1. Introduction

 

1.1 Background and Significance


         In this research I explored the application of derivative spectroscopy to remotely sensing water quality. What is meant by 'water quality' is simply the concentration of a few common components in the water that has been imaged by remote sensing. These constituents are water itself, sediment, chlorophyll, and dissolved organic matter (1, 2, 3, 4, 5). Each of these constituents has an absorption spectrum. This spectrum is a graph or display indicating the degree to which a substance absorbs radiant energy with respect to wavelength. In the case of the mentioned constituents, the absorption spectra have been measured by an absorption spectrophotometer and are previously known functions. An absorption spectrophotometer is a device used to measure the relative intensity or brightness of the spectral lines or bands of an absorption spectrum. In the case of remote sensing, when a target surface is imaged, the recorded information is related to these spectra.

         When remote sensing data is recorded, it is a function of the reflectance from the surface target and the propagation of the reflected energy through the earth's atmosphere. The latter part is removed from the data using calibration. This results in data regarding the reflectance of the surface target. In multispectral imaging, this data is taken over several relevant spectral bands, or wavelength regions. In hyperspectral imaging the data is approximately continuous, covering a wide range of wavelength values.

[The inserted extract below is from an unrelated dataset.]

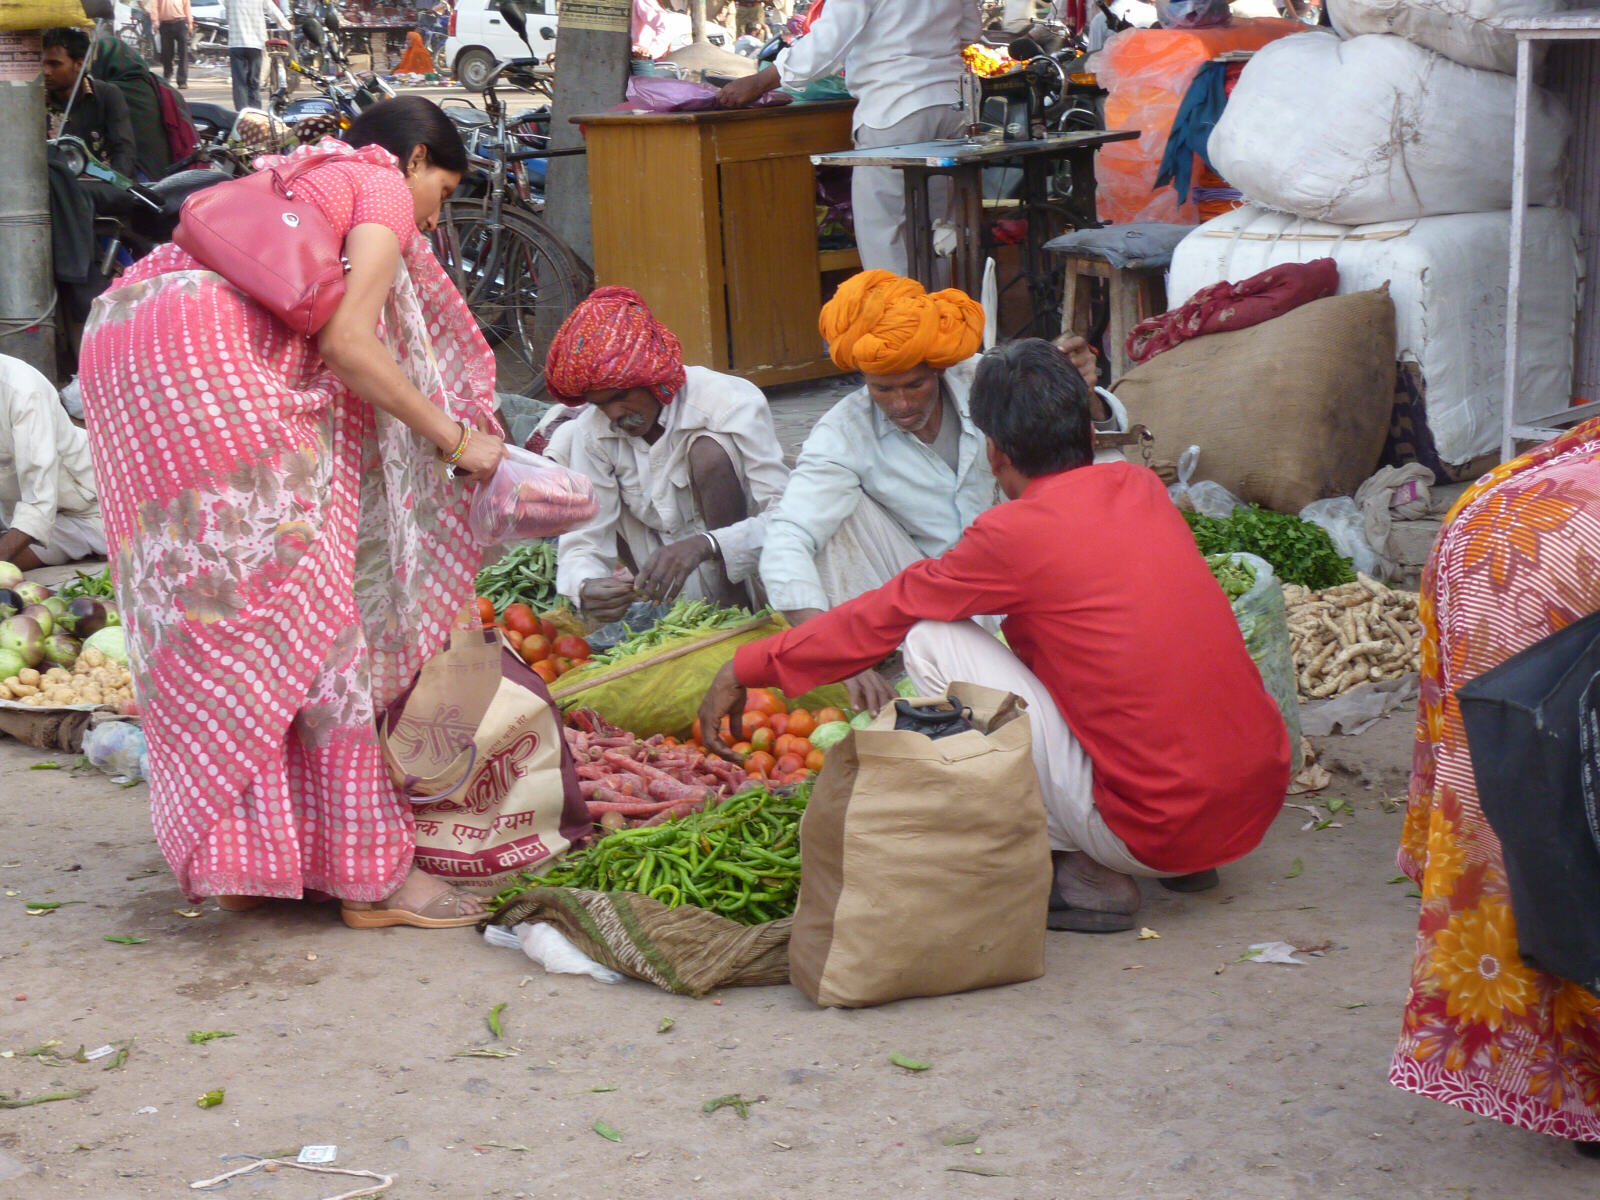 The vegetable market in Bundi, Rajasthan, India

The spectral reflectance of the target surface is to a large degree a function of its absorption. Incident light upon the surface is either scattered or absorbed. The level of energy absorbed is dependent upon the absorption spectrum of the components in the surface. The scattered energy is reflected and recorded. Therefore, the recorded energy, once the atmospheric effects have been removed, is to a first approximation, inversely proportional to the absorption spectra of the constituents of the target surface.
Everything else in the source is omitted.